▶ [Supplied information]:
--
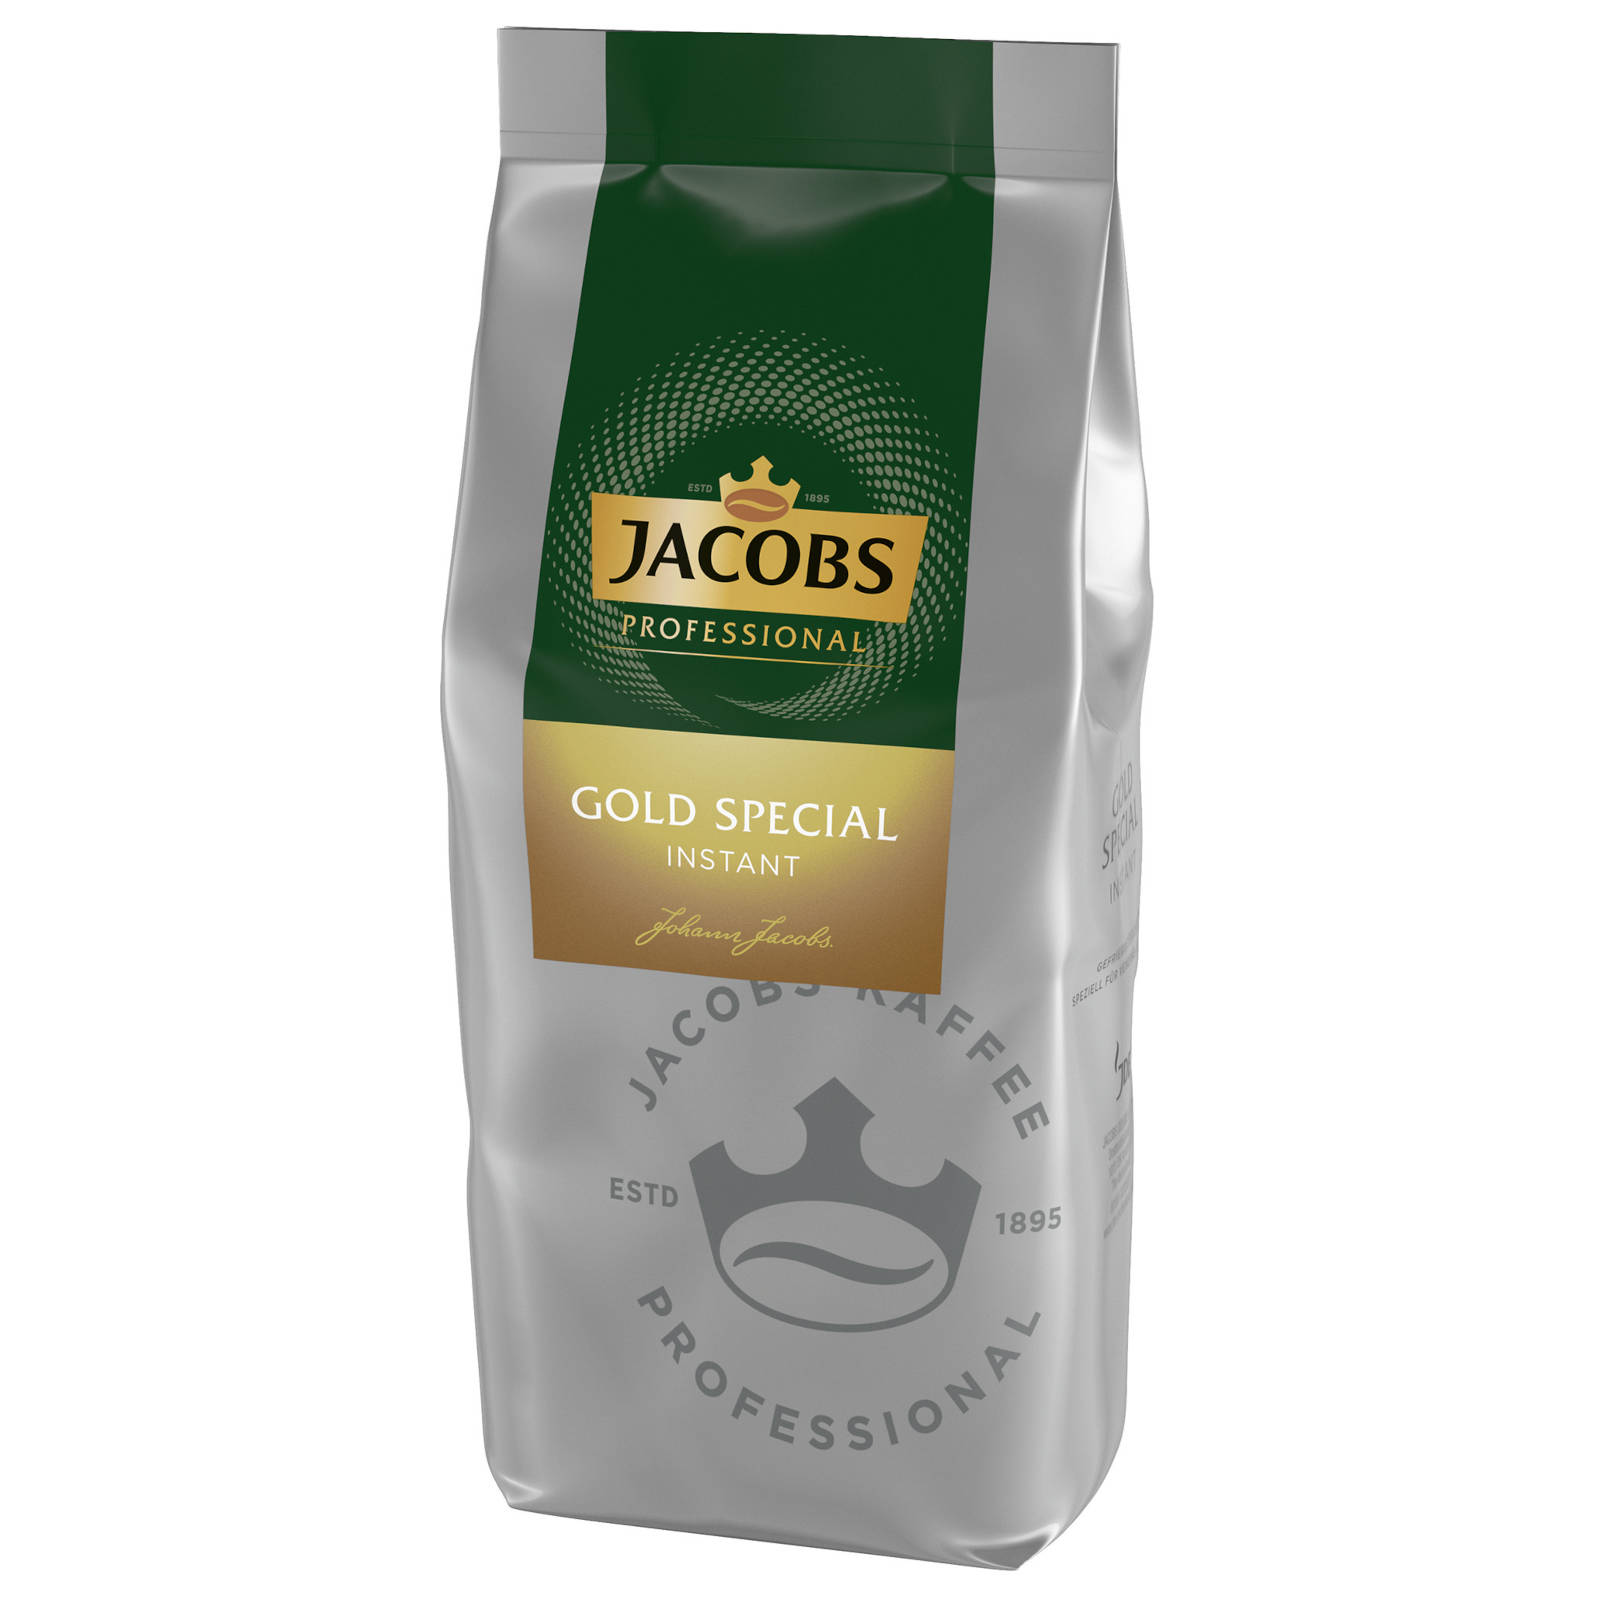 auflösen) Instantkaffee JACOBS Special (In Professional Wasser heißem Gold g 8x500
--
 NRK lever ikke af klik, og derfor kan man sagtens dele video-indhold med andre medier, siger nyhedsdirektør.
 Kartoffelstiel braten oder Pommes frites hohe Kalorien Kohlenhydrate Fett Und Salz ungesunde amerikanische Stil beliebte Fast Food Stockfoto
--
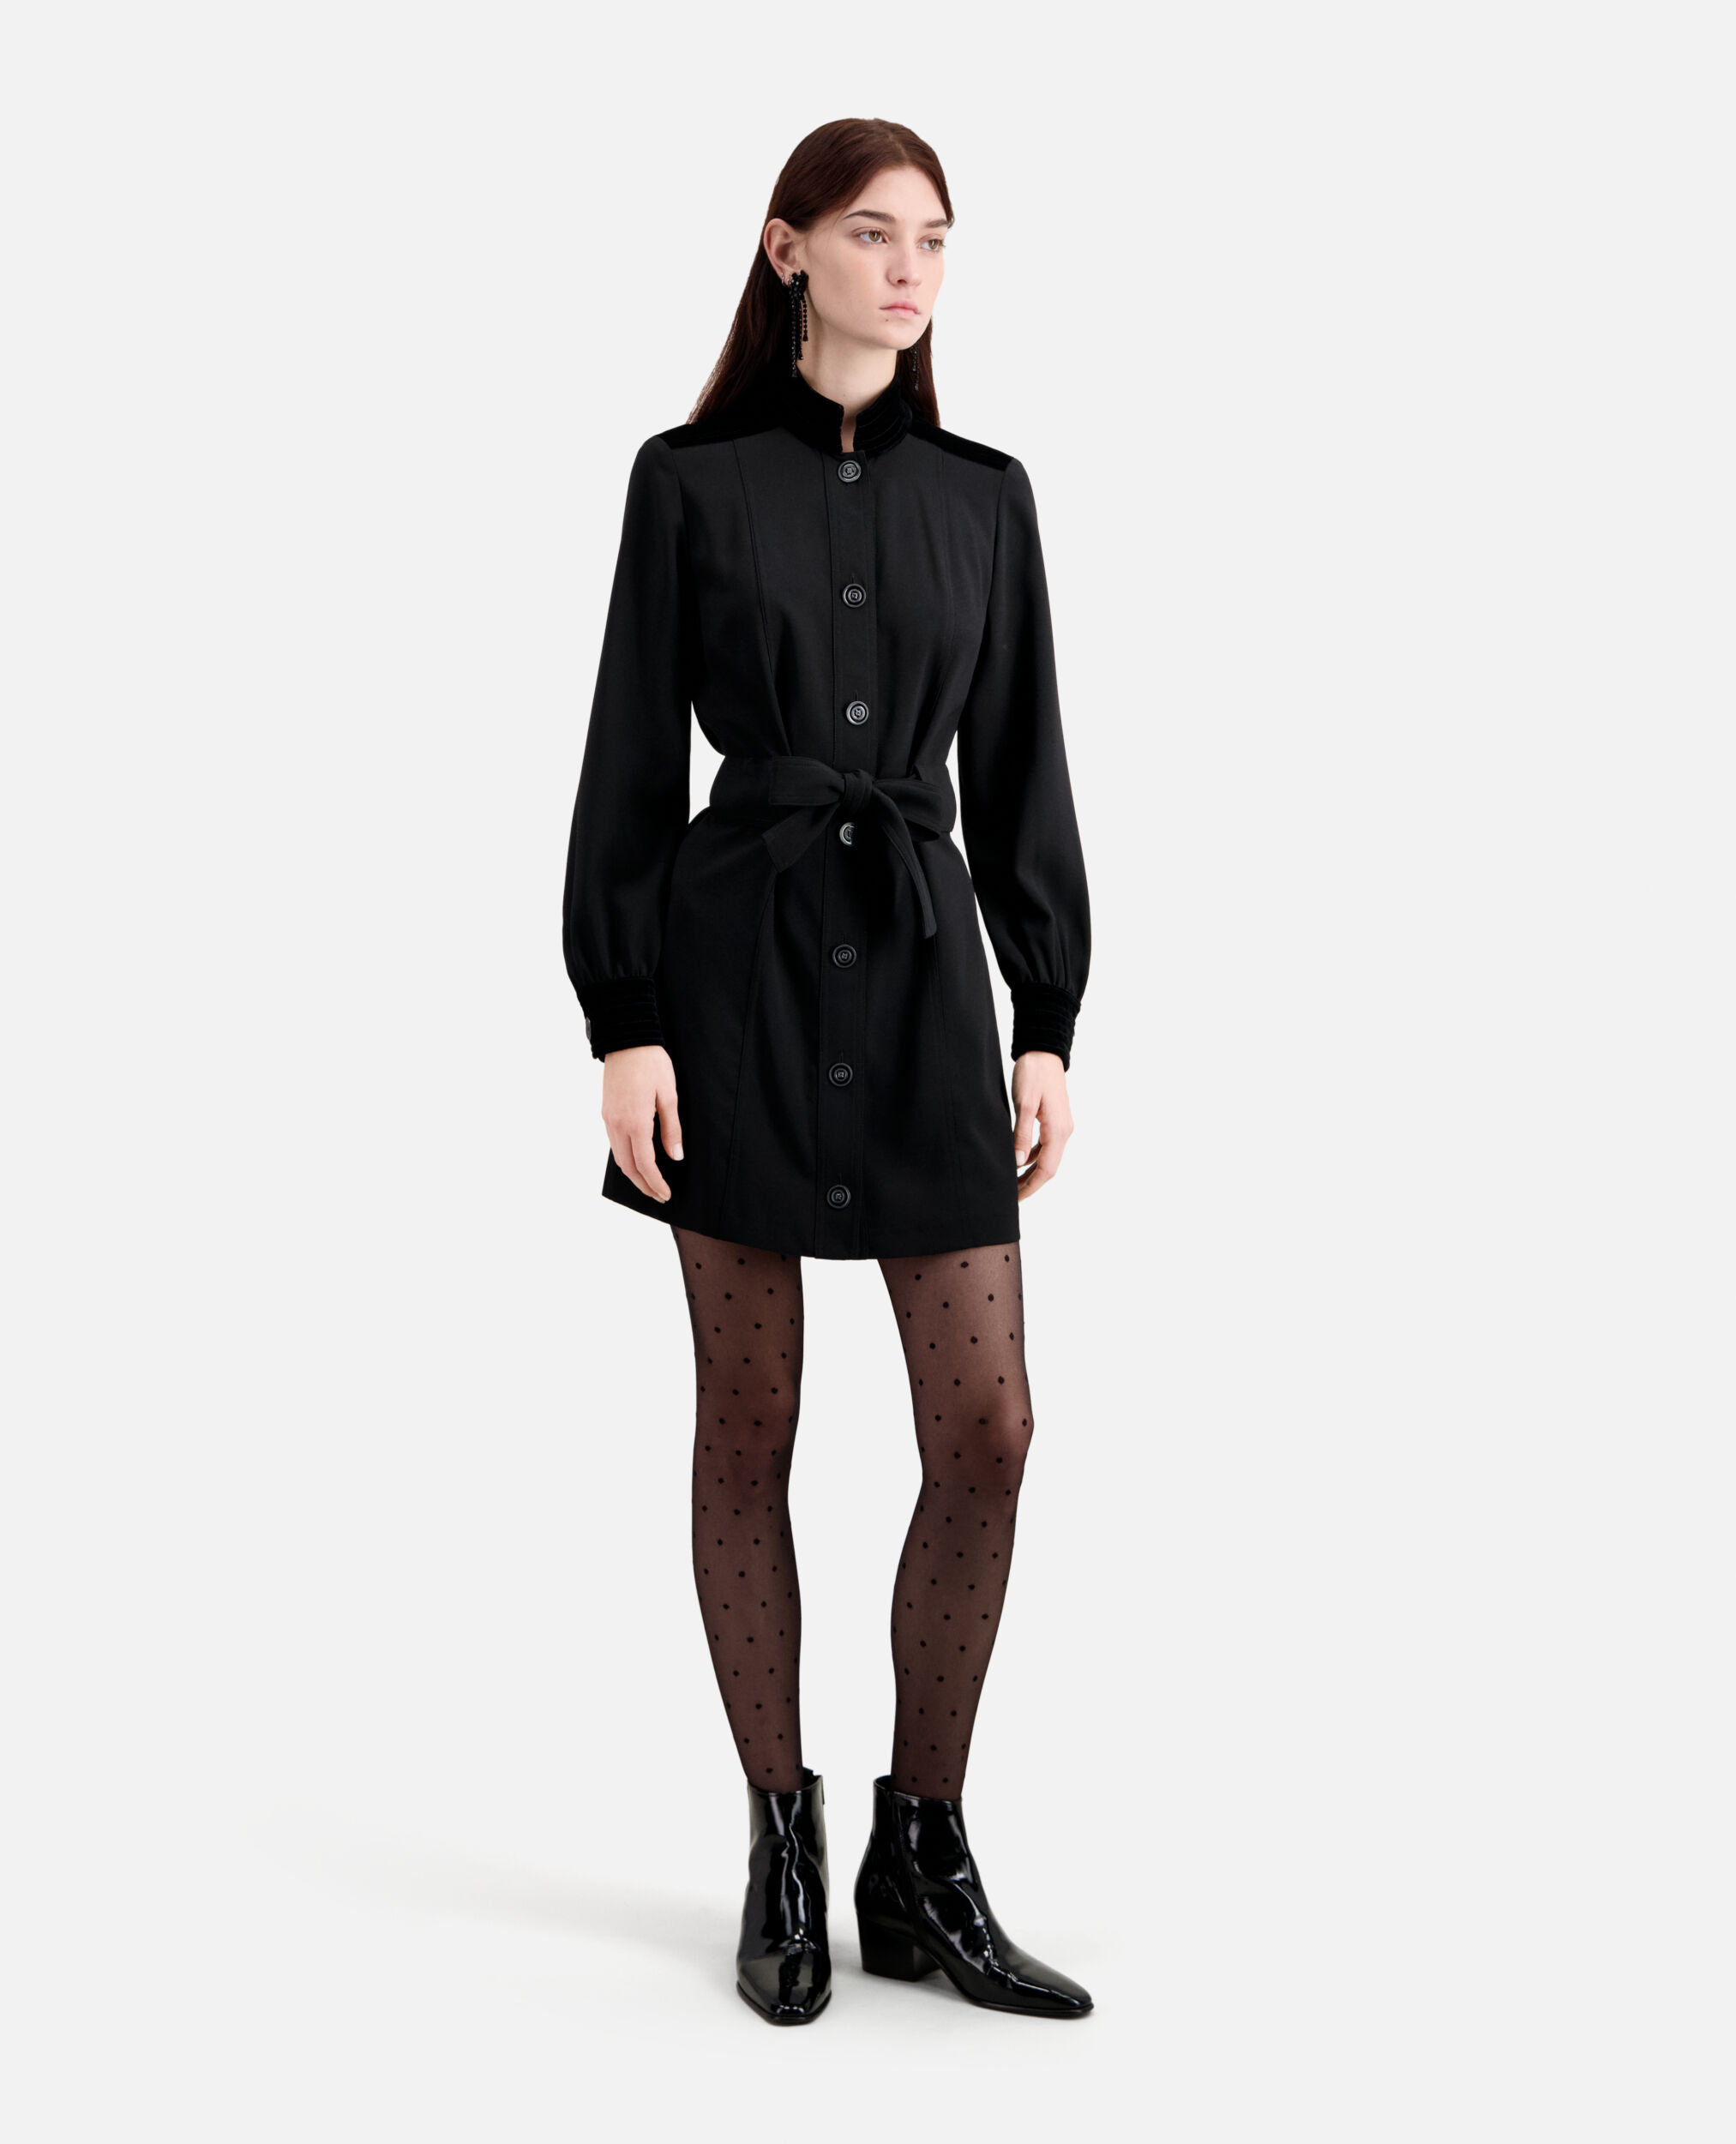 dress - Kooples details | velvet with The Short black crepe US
--
▶ [Work order]:
Of the entries above, repeat exactly the lines from the line with "NRK lever ikke" through the line with "Kartoffelstiel braten oder", both of them included.

▶ [Reply to the exercise]:
 NRK lever ikke af klik, og derfor kan man sagtens dele video-indhold med andre medier, siger nyhedsdirektør.
 Kartoffelstiel braten oder Pommes frites hohe Kalorien Kohlenhydrate Fett Und Salz ungesunde amerikanische Stil beliebte Fast Food Stockfoto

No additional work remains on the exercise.